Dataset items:

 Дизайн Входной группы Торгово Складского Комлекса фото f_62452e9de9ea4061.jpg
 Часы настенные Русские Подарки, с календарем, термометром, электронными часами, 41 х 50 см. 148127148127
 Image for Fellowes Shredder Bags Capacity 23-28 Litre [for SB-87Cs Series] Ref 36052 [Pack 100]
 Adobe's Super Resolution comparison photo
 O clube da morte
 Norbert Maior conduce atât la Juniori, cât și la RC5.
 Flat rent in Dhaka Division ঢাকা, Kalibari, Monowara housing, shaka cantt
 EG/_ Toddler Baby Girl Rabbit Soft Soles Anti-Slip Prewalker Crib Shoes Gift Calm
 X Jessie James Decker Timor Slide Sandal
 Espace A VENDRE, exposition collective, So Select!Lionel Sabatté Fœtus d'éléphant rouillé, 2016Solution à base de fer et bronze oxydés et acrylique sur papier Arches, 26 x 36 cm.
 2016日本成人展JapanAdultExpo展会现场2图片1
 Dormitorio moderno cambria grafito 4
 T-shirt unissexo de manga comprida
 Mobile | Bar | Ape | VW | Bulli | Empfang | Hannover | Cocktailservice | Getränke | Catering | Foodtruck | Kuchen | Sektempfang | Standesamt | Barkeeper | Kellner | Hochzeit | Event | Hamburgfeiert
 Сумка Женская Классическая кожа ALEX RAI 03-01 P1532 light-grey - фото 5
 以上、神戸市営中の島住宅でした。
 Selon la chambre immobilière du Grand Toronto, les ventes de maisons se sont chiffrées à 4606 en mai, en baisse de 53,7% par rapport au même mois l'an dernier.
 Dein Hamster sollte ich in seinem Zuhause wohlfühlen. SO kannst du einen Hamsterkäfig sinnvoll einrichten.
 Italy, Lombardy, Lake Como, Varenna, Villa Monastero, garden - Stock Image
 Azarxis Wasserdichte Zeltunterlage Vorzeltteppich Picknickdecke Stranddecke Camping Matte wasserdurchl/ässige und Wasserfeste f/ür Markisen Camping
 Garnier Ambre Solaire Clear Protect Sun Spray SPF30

ASSIGNMENT: Return every line above in which the string "Image" occurs.

ANSWER TO THE EXERCISE:
 Image for Fellowes Shredder Bags Capacity 23-28 Litre [for SB-87Cs Series] Ref 36052 [Pack 100]
 Italy, Lombardy, Lake Como, Varenna, Villa Monastero, garden - Stock Image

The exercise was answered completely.